I hate usearch for being so good

Aligning biological sequences to other biological sequences is the bread and butter of bioinformatics.

By far the most popular software for this purpose is BLAST, the Basic Local Alignment Search Tool. BLAST was published in 1990, and at the time its heuristic algorithm was a huge advance (in computational speed) over the Smith-Waterman algorithm. People have since used it for all manner of sequence alignment tasks.

More recently, alternative aligners have risen to prominence in some specific alignment cases. For example, for aligning short next-generation sequencing reads to a set of longer sequences, bowtie, bwa, SOAP, and friends are all orders of magnitude faster than BLAST, and this is recognised by their usage.

But in the case of plain old alignment of one or more nucleotide or amino acid sequences against a database of one or more nucleotide or amino acid sequences, BLAST still dominates. The problem is, BLAST is SLOW. Really, really slow. And the rate at which we generate sequence data is now really, really fast. BLAST can’t keep up.

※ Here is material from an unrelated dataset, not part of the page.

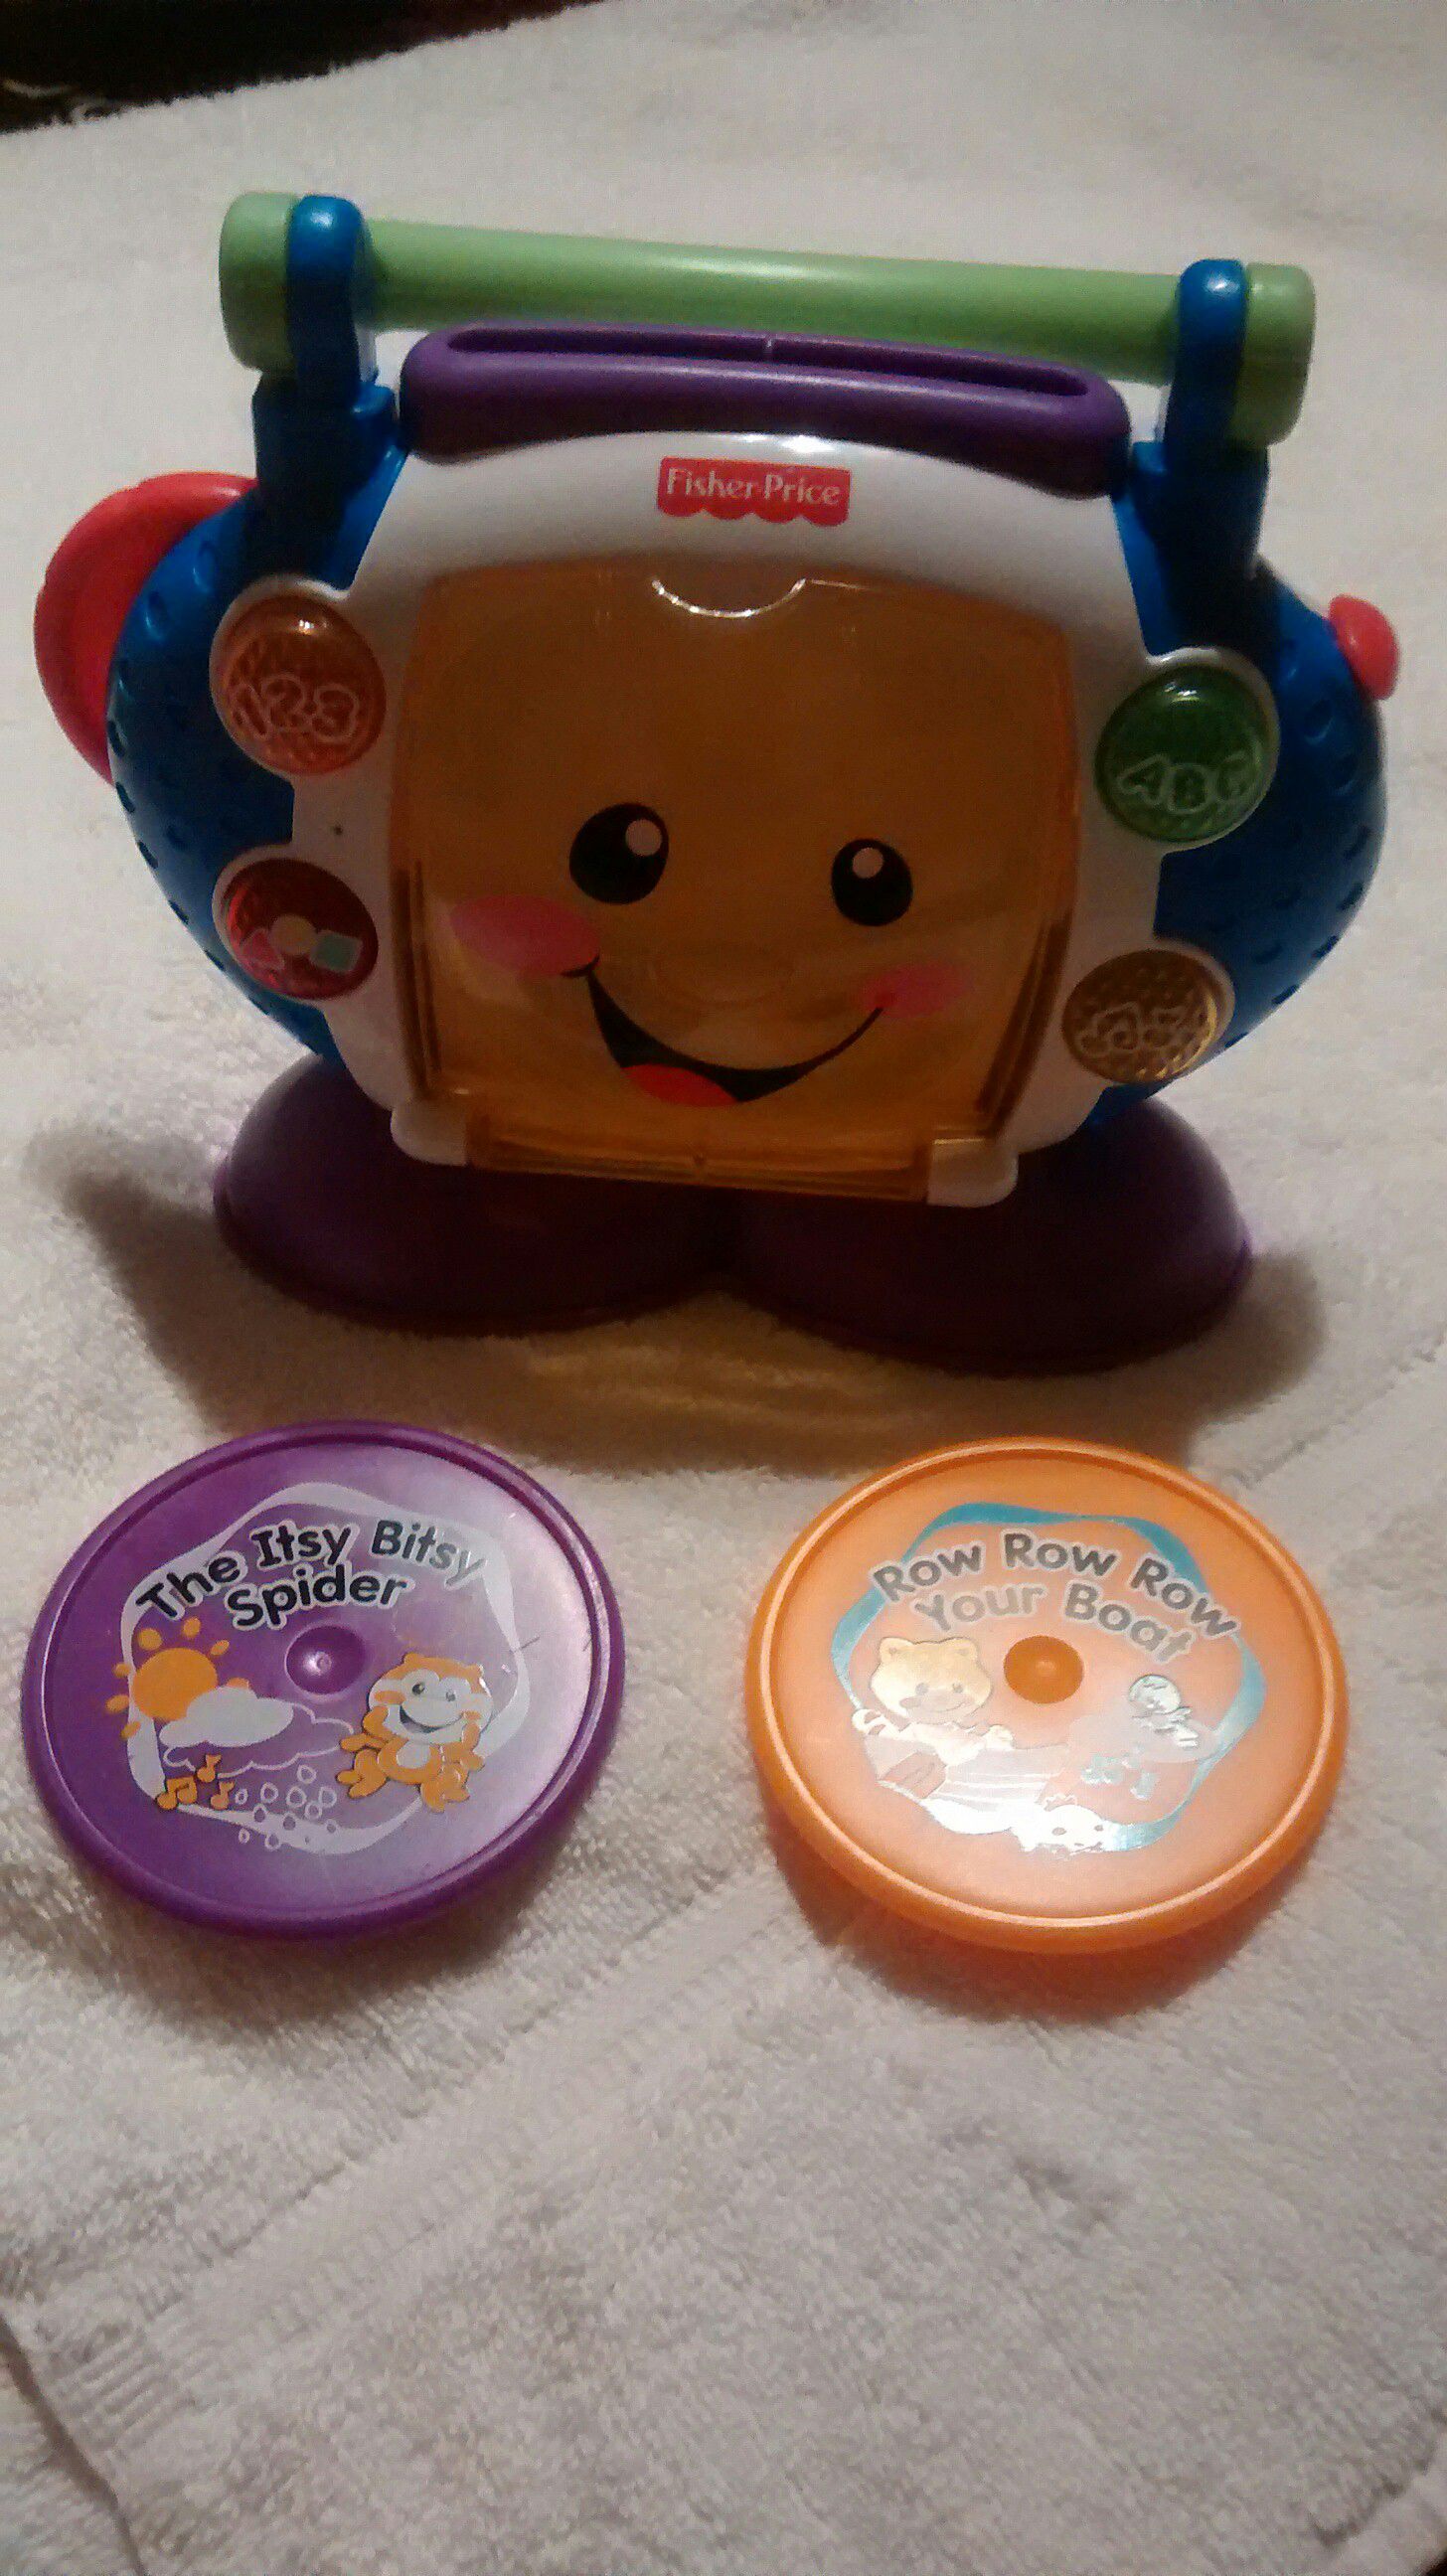 Toy Fisher Price mini CD player for kids

In fact, if it wasn’t for USEARCH, a new aligner that outpaces BLAST by several orders of magnitude on the mundane alignment tasks it’s so famous for, most of the work I’ve done in the first year of my PhD would not have been possible. Some days I’m aligning several thousand assembled contigs to a reference genome, and repeating the process several thousand times over (for example assemblotron might align millions of fairly long sequences into a reference database into a single run). With USEARCH that takes hours. With BLAST it takes weeks or months.

Alt text

Benchmarks show that for nucleotide alignments, USEARCH processes ~300 alignments for every one that BLAST can manage, with no loss in sensitivity. This matches my experience, and in some cases I would say I’ve had significantly greater speed improvements than this. I’ll record some benchmarks of my own next time I can bring myself to fire up BLAST again.

The problem with USEARCH, though, is its license. Only the 32bit version is free, meaning a hard 4GB memory limit. But even worse than that, it’s closed source and the method is essentially unpublished (there’s a paper, but the details are scant – certainly missing information that would be required to recreate the software from scratch). I can run my alignments with USEARCH until the cows come home, and I can verify the results by comparison with BLAST results. But for every result I don’t verify, I can never be sure it’s not done something unexpected. I can’t check the source code or the mathematical working of the algorithm, so ultimately I don’t trust it.

It’s worth mentioning that the author of USEARCH, Robert Edgar, is clearly a skilled computational biologist. He also wrote MUSCLE, the multiple sequence aligner that made CLUSTAL look silly when it arrived. And he’s not a publically funded researcher – he’s an independent researcher and needs to make a living from selling his software – so I don’t think he’s has any ethical imperative to disclose the inner workings of the product. But that doesn’t make the situation any better for users.

To my knowledge there is nothing that comes close to the speed of USEARCH. The world needs an open source aligner with USEARCH’s speed and sensitivity.

For now, I’m using USEARCH, but I feel like I’m violating myself by doing so. I hate you USEARCH, for being so damn good and not telling us how.